France is a famously literary nation, but its ideas of literature are rooted in a little-known eighteenth-century history, according to a new book by Dr Gemma Tidman in Queen Mary’s School of Languages Linguistics and Film.
Dr Tidman shines light on a little-known dispute that emerged in eighteenth-century France, when the expulsion of the Jesuits and the publication of Rousseau’s controversial novel ‘Emile’ sparked a debate around how public education could help produce the patriotic citizens France was felt to need.
Writers, politicians and teachers agreed that teaching pleasing, persuasive texts written by ‘great’ authors was key to this project – but they couldn’t agree on the texts or authors needed. And as they argued back and forth, one word kept coming up: not the word that had so far been used to refer to such texts, ‘belles-lettres’, but rather the word ‘littérature’.
In her first book, ‘The Emergence of Literature in Eighteenth-Century France: The Battle of the School Books’, Dr Tidman outlines the role of this overlooked debate on education reform in publicising modern ideas of literature in France. The book aims to change our understanding of the people, institutions and practices involved in making France the famously literary nation it is today.
In a study that spans some 300 years, Dr Tidman uses a unique blend of research methods to explore the sixteenth-century pre-histories of quarrels about education, and the afterlives of modern ideas of ‘littérature’ in nineteenth-century France.
The book is one of the first studies to use social network analysis to map an early modern debate, and the open-access companion website offers interactive dynamic network visualisations of this debate as it evolved between 1762 and 1789. Dr Tidman also draws on new archival research to reveal that the Ecole royale militaire, founded by Louis XV in 1751, was one of the first institutions to teach something called ‘la littérature française’.
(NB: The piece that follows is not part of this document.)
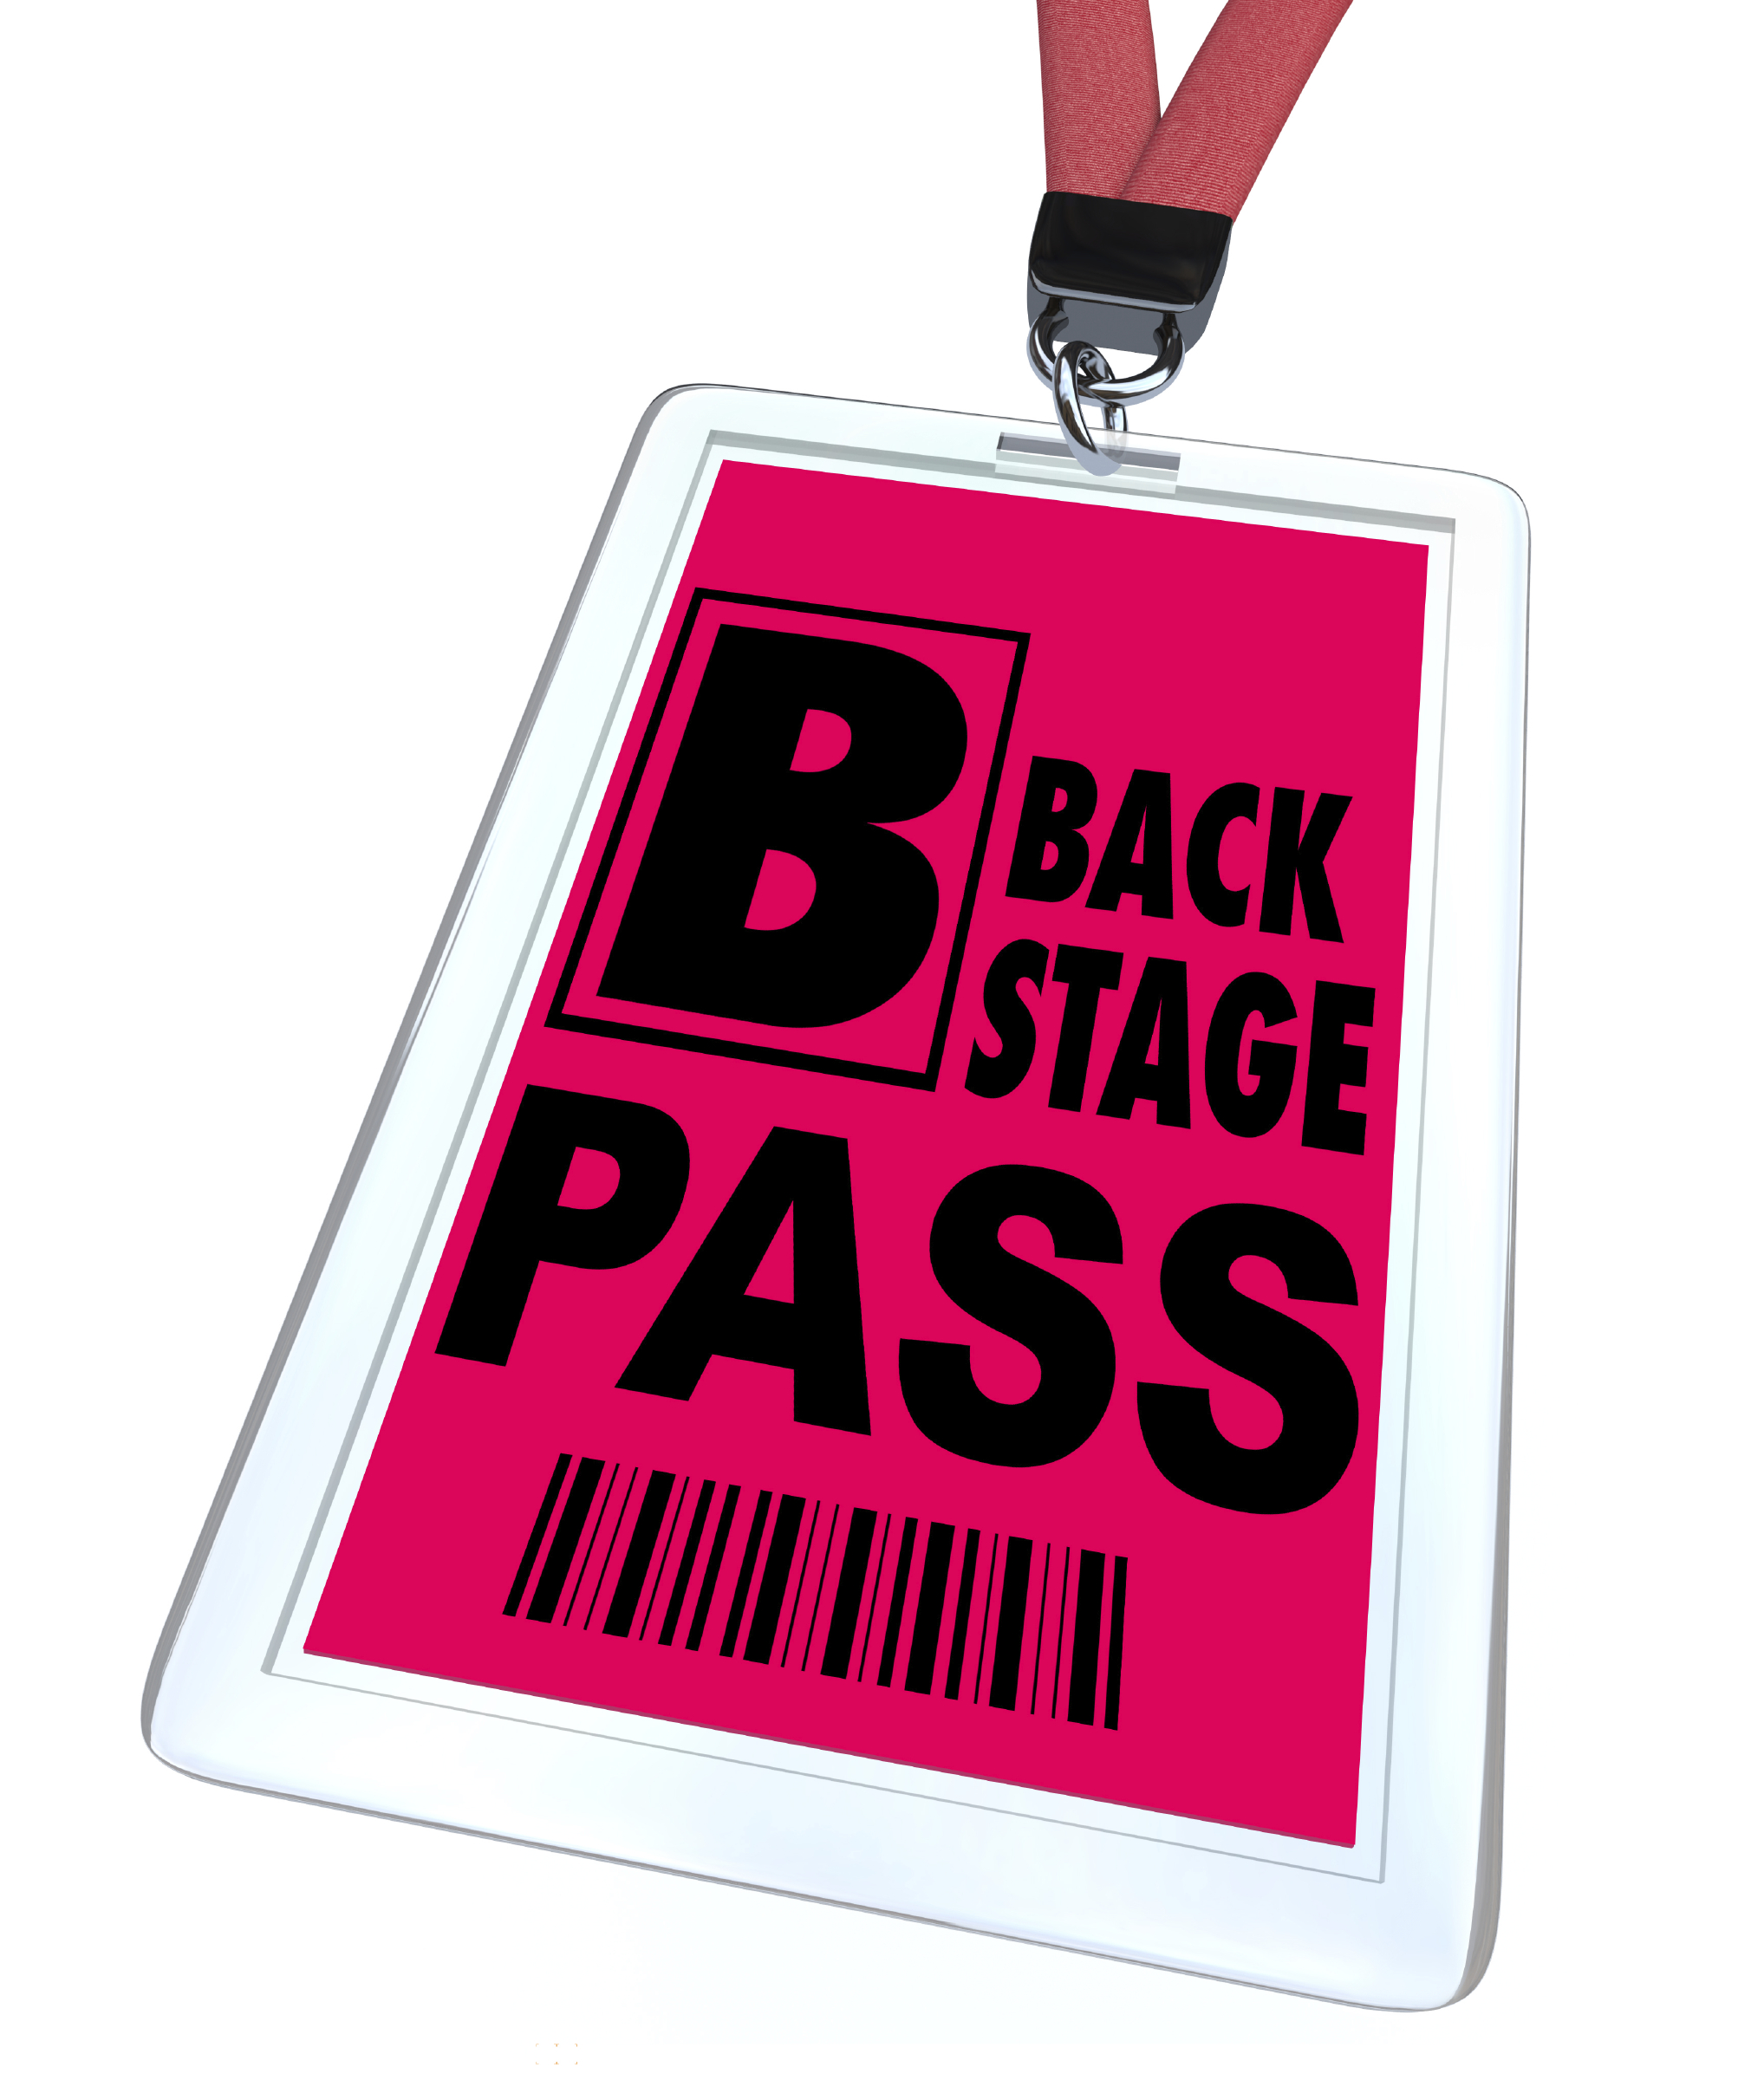 Backstage Pass #22
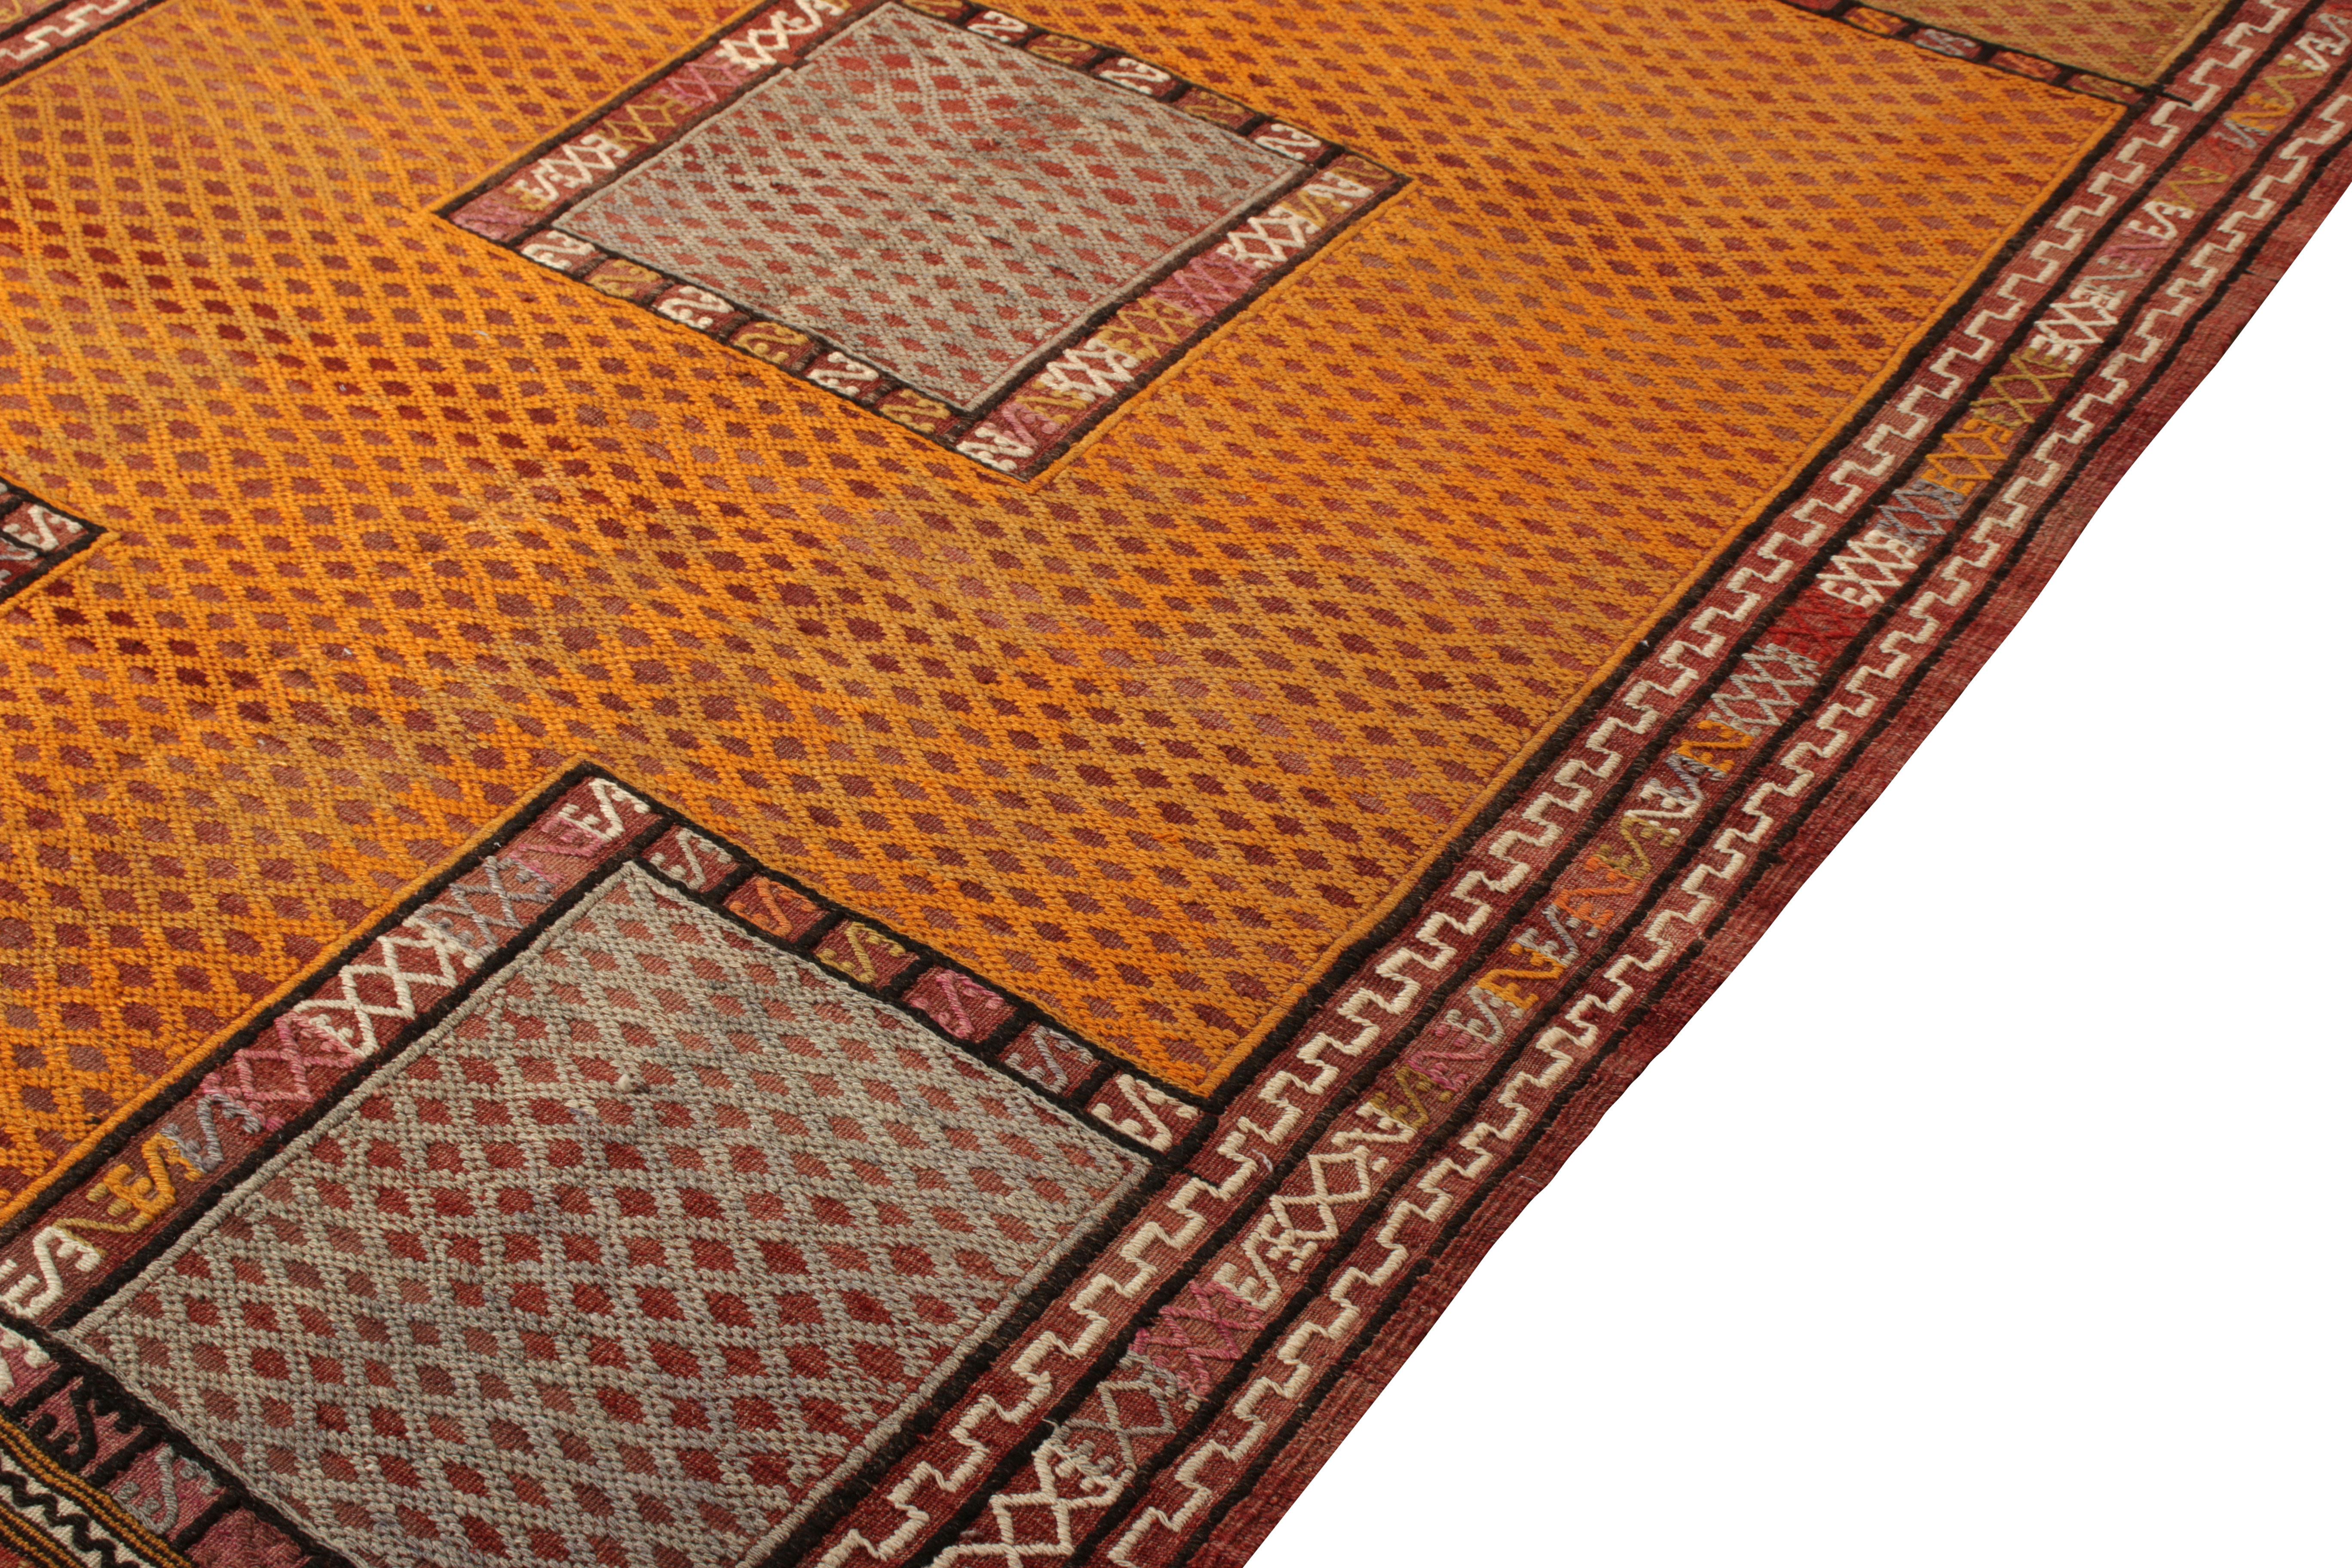 Hand-Woven Handmade Vintage Turkish Kilim Rug Gold Multi-Color Textural Geometric Pattern

Commenting on the book’s publication, Dr Tidman said: “When I started working on this book, during my doctorate, I’d planned to study experiments in education in eighteenth-century France. But as I began digging into texts written by teachers and politicians, and then when I got to the archives of the Parisian military school, I realised I wasn’t quite getting what I’d expected…
“I thought I’d find innovative teaching methods, or perhaps a new emphasis on teaching maths and sciences rather than rhetoric and Latin – and I did find some of that, but what shocked me was the remarkable interest in teaching eloquent texts by modern French authors, increasingly referred to as ‘littérature’.
“In the military school archives, I found teachers employed to teach a subject called ‘la littérature française’ several years before other French public schools or institutions picked up on this new label for a subject. Literature in a military school education? Politicians recognising the humanities, and literature, as crucial for forming skilled citizens? I was a bit baffled!
“As an undergraduate I’d learned that, prior to the early nineteenth century, the word ‘literature’ usually referred to a quality someone could have – a kind of cultured erudition. I’d long been curious about how, when and why the word’s sense changed, and came to mean the sorts of things it does today: great texts, national canons, aesthetically pleasing works, or a school or university subject.
“I began to wonder, then, whether I might be able to use my research to answer this question that had puzzled me... albeit from a slightly unexpected angle! I found that this shift in meaning took place earlier than is typically thought – in the mid-1700s – and that, in France at least, the shift was propelled by a great debate about teaching reform and national identity.”
‘The Emergence of Literature in Eighteenth-Century France’ is published and sold by Liverpool University Press, with some parts of the book available free on their Manifold project site.